The Louisville Metro Police Department was on the case, too.
The hotel Eric stayed at was being remodeled, so there were no surveillance cameras to help.
Eric had to return home to Freeland without his car.
The worst part?
"How was I going to break the news to the kids, that the car was gone," he said.
Karson took it pretty hard.
"First thing he asked is, 'How are we going to go get ice cream now?'" Eric said.
Then in December, the police department called. They had a lead.
"Lead panned out and they were able to find the car," Eric said.
Eric's car had been found in an empty garage and someone had been parting out the car, likely to be sold.
"Stole everything out of it, drive shaft along with it," Eric said.
So much was missing, but it didn't matter.
"I'm ecstatic to have it back. It's having another family member. I thought I lost a family member and I got it back," Eric said.
The detective who tracked it down made sure Eric got every last piece.
"He told all of his guys to, whatever bolts they find on the ground, sweep them up and put them in a bucket," Eric said.
In January, Eric went to Louisville to get the car. He had to piece some of it together in order to trailer it home. Then, the true assessment began.

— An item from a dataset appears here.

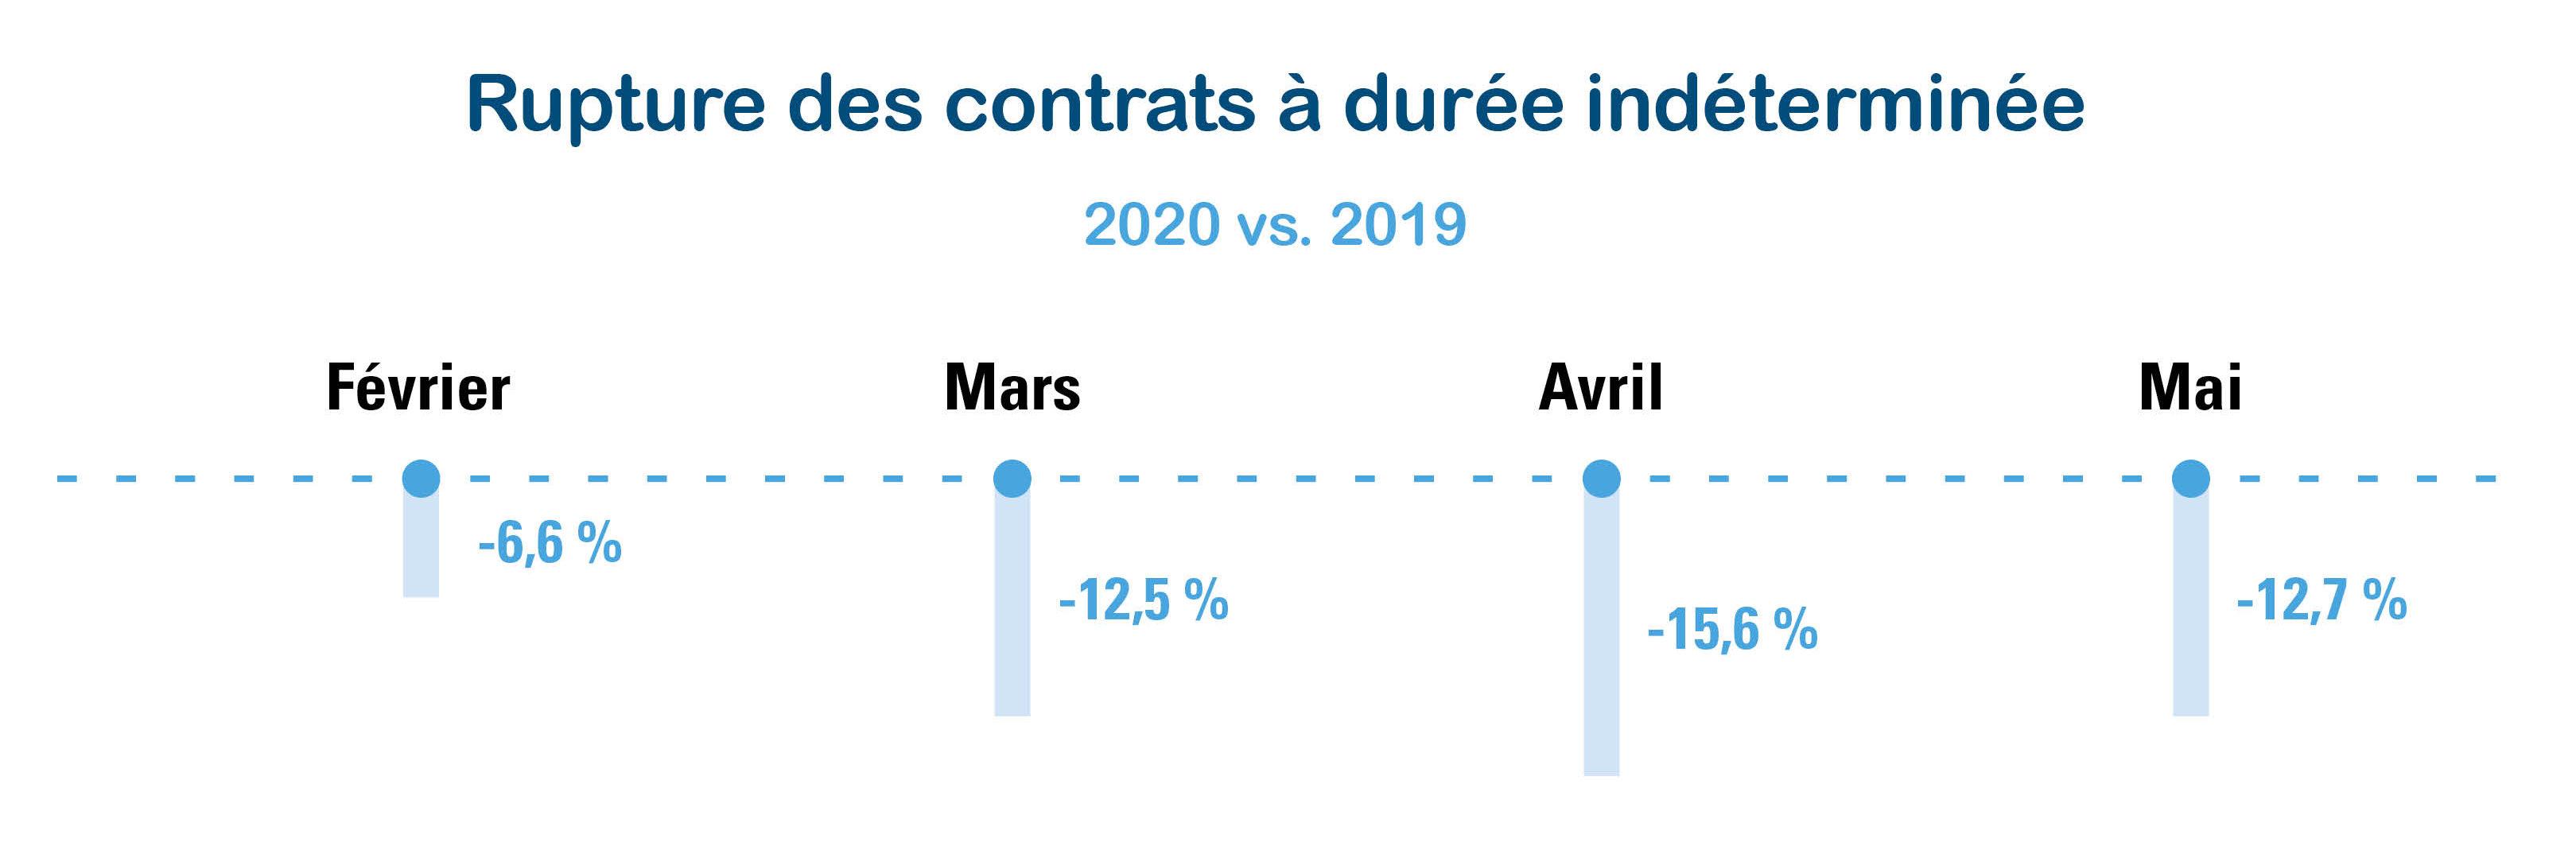 Figure 1 : Ruptures contrats à durée indéterminée, fév/mars/avril/mai 2020 vs. 2019

"Lot of scratches, lot of body work. It's going to have to be repainted," he said. "I'm thinking it's going to be at least two years that it's going to take me to get this thing rebuilt."
He'll have some help getting back on the road.
Just as Eric's dad helped him, Karson and Ayla have plans to help their father.
"I'm really happy and I think that we get it back together. I just really just want to help," Karson said.
The person or people who stole the car have not been caught.
Judging by the damage to the rear of the car, Eric and the police believe whoever took it likely pushed the car out of the parking lot, but they may never know because the surveillance cameras weren't up.
Eric is thankful to the Louisville Metro Police Department for tracking down his Camaro.
Another twist in this story - the original detective handling his case passed away. Other detectives used his notes to help track it down.
You can read the police department's Facebook post about it below:
"This is an update to a case of Det. Jason Schweitzer that received national attention. It involves a 1969 Super Sport Camaro that was stolen during the Louisville Street Rods in August 2016. The story went viral on social media and ended up on the national news due to the victim having owned the Camaro since he was 15. The case was assigned to Det. Jason Schweitzer who followed up with a substantial amount of local and national crime tips pertaining to the case. Det. Schweitzer actively investigated the case up until his untimely death in October. The 6th Division Detectives continued the investigation using Det. Schweitzer's case notes and crime tips. With the joint effort of the LMPD Ninth Mobile and Officers from Probation and Parole several locations were checked and persons of interest investigated which lead to the recovery of the Camaro. The Camaro was found in an empty garage completely disassembled. The investigation is still on-going but Detectives have several persons of interest who are believed to be responsible for the theft. The victim, Eric Worth, was notified right before Christmas of the recovery and told Detectives this was the best Christmas present ever. Mr. Worth recently made the drive to Louisville from Michigan to retake possession of his car. He brought along with him friends who were able to help reassemble the Camaro at the LMPD 6th Division from all of the parts Detectives had recovered. Mr. Worth expressed his gratitude to the members of LMPD and to that of Det. Jason Schweitzer for recovering something that is much more than just a car to him."